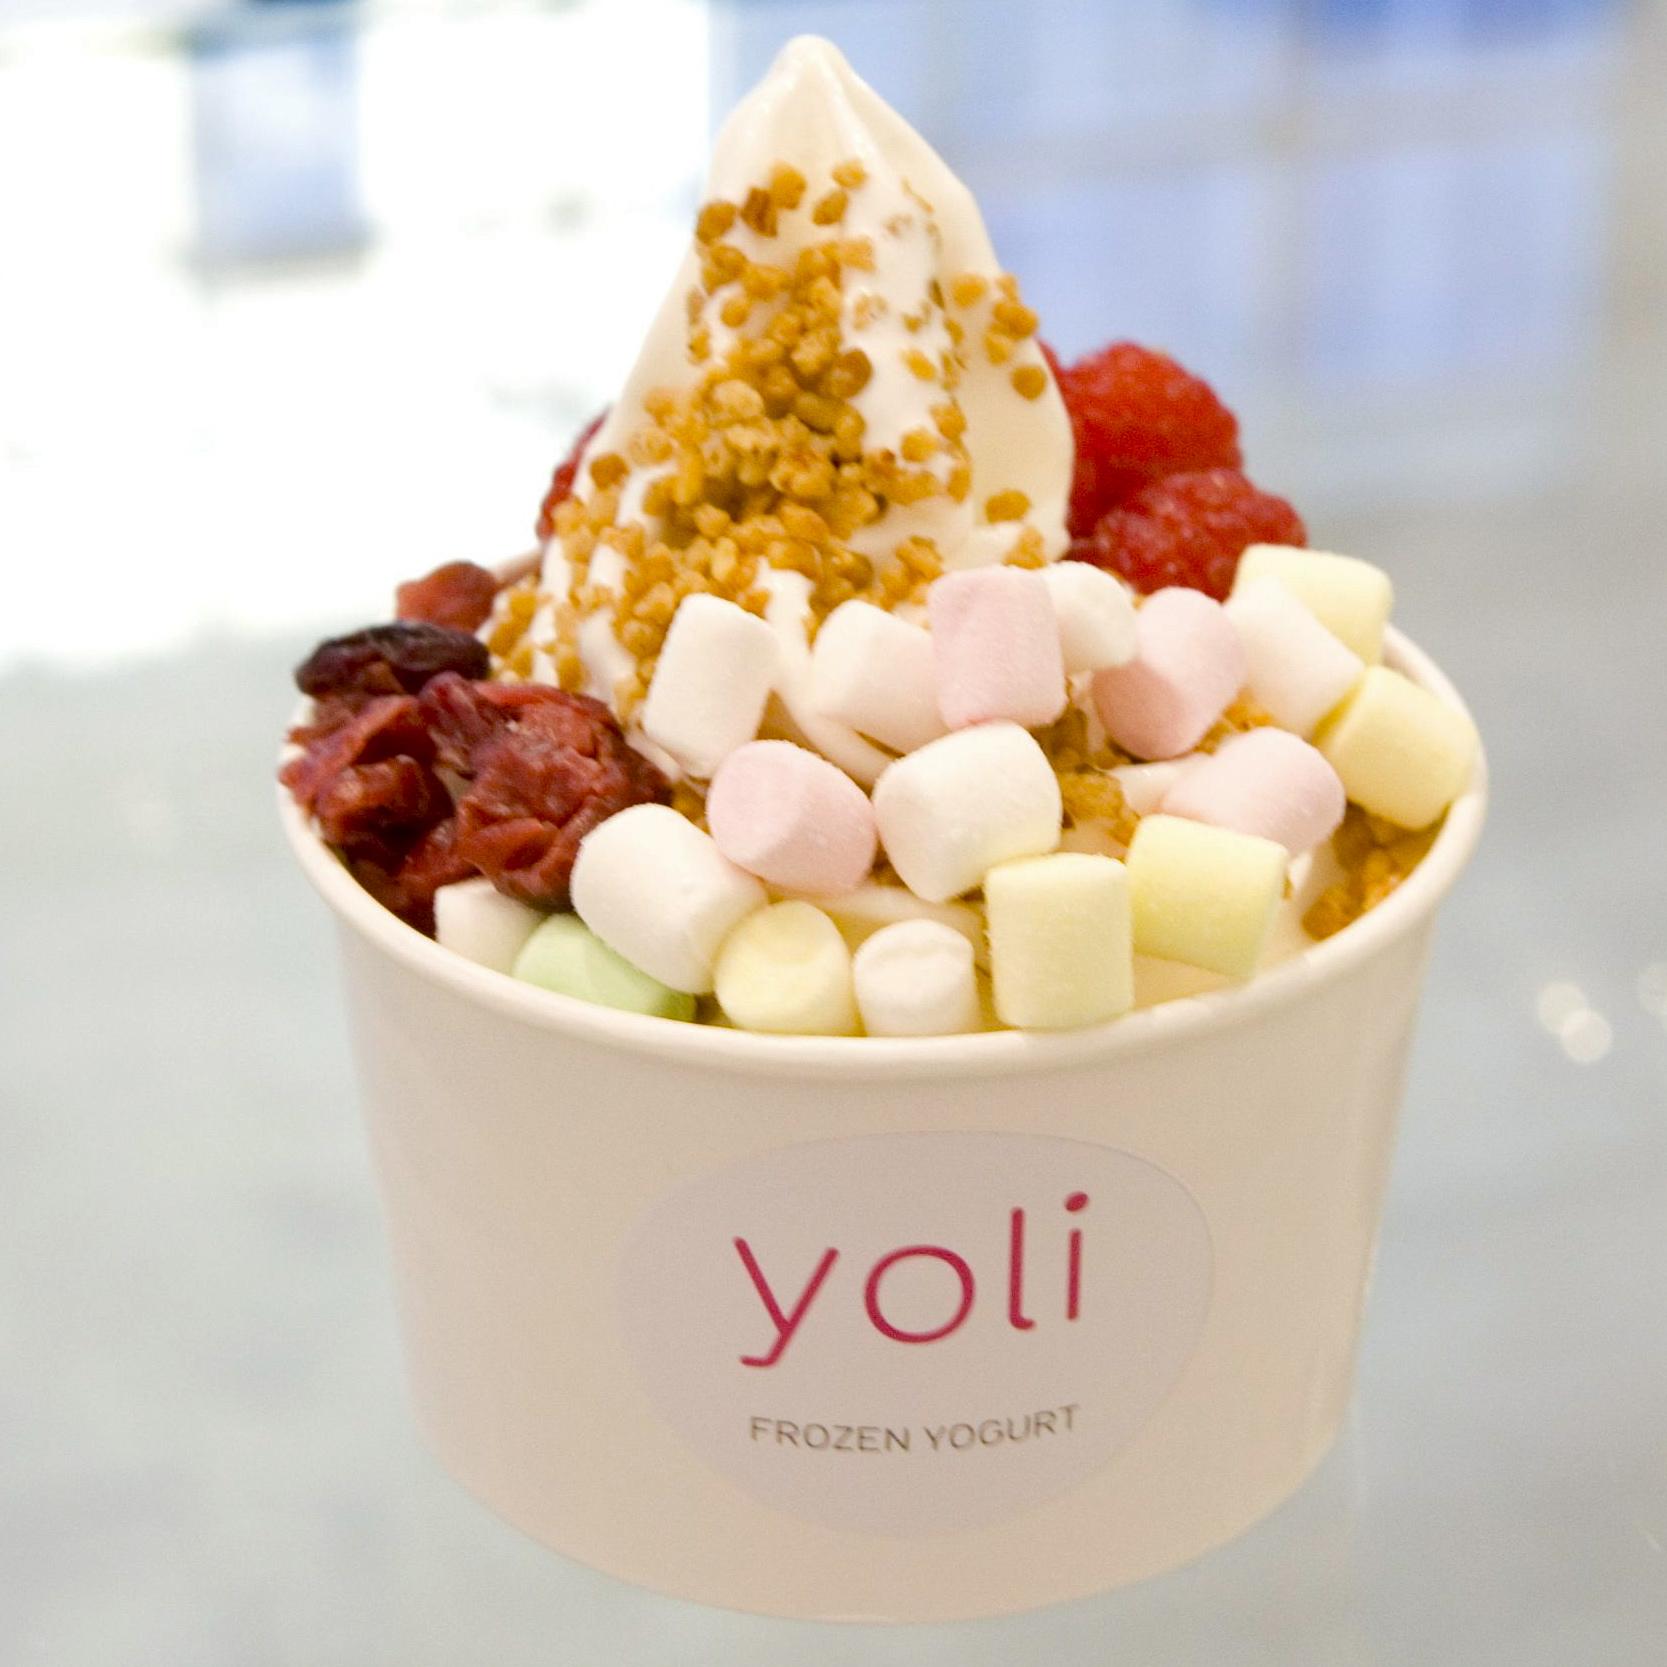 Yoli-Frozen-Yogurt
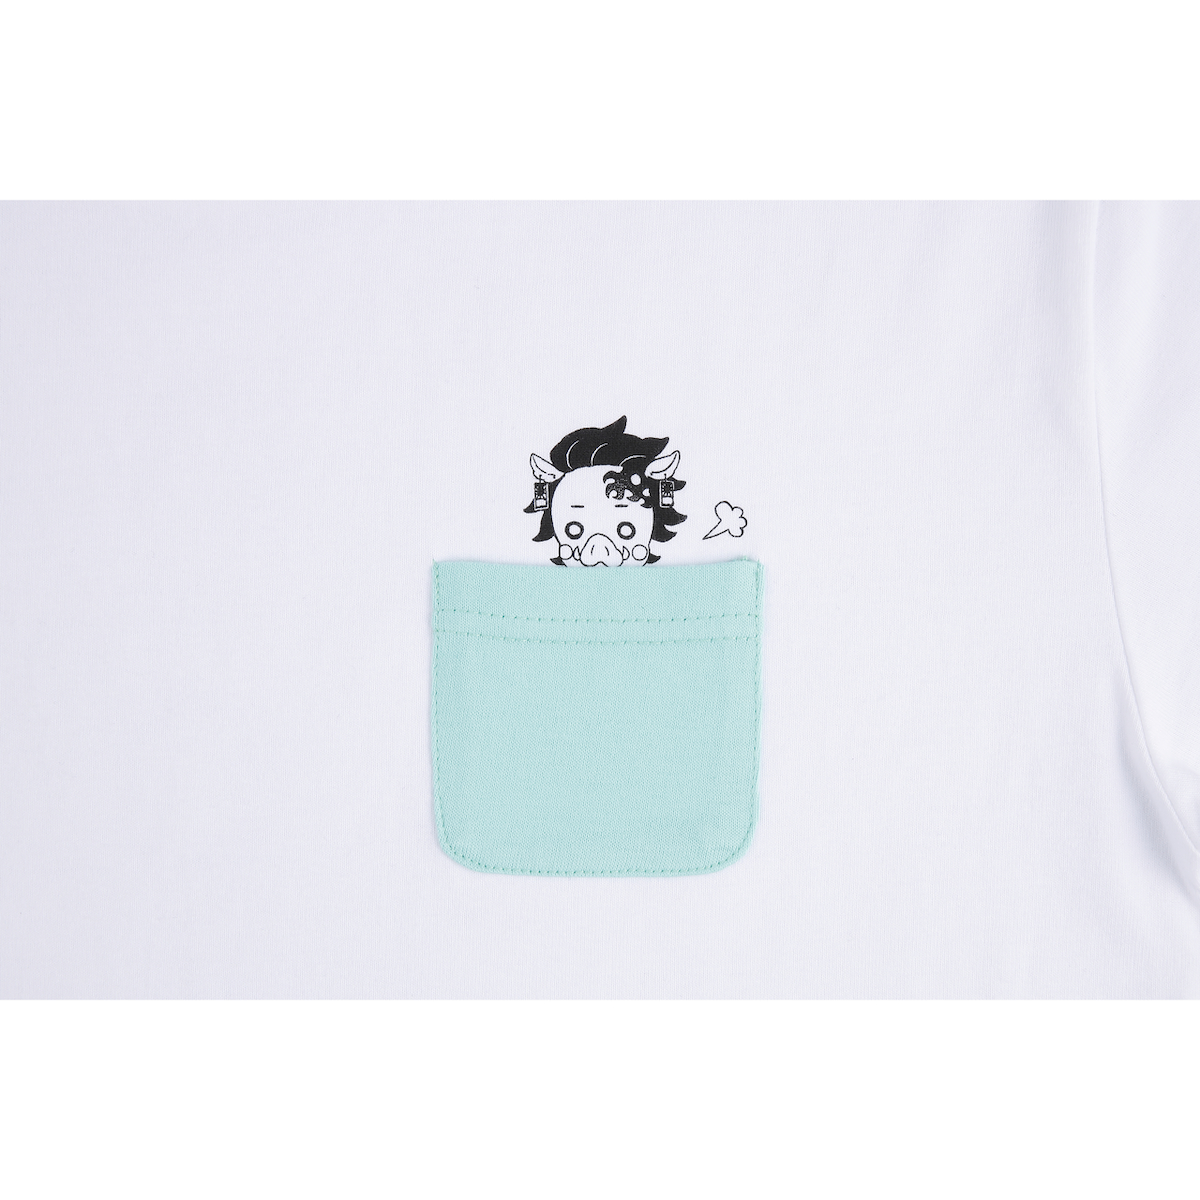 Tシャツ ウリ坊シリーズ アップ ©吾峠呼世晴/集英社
...
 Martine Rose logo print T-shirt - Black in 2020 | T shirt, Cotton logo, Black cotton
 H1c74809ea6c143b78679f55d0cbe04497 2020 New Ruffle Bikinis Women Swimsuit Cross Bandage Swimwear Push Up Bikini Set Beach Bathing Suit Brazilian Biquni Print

> **ACTIVITY**
Print again the lines of the entries above that fall between the line holding "Martine Rose logo" and the line holding "H1c74809ea6c143b78679f55d0cbe04497 2020 New", inclusive, exactly as they stand.

> **ANSWER FOR THE TASK**
 Martine Rose logo print T-shirt - Black in 2020 | T shirt, Cotton logo, Black cotton
 H1c74809ea6c143b78679f55d0cbe04497 2020 New Ruffle Bikinis Women Swimsuit Cross Bandage Swimwear Push Up Bikini Set Beach Bathing Suit Brazilian Biquni Print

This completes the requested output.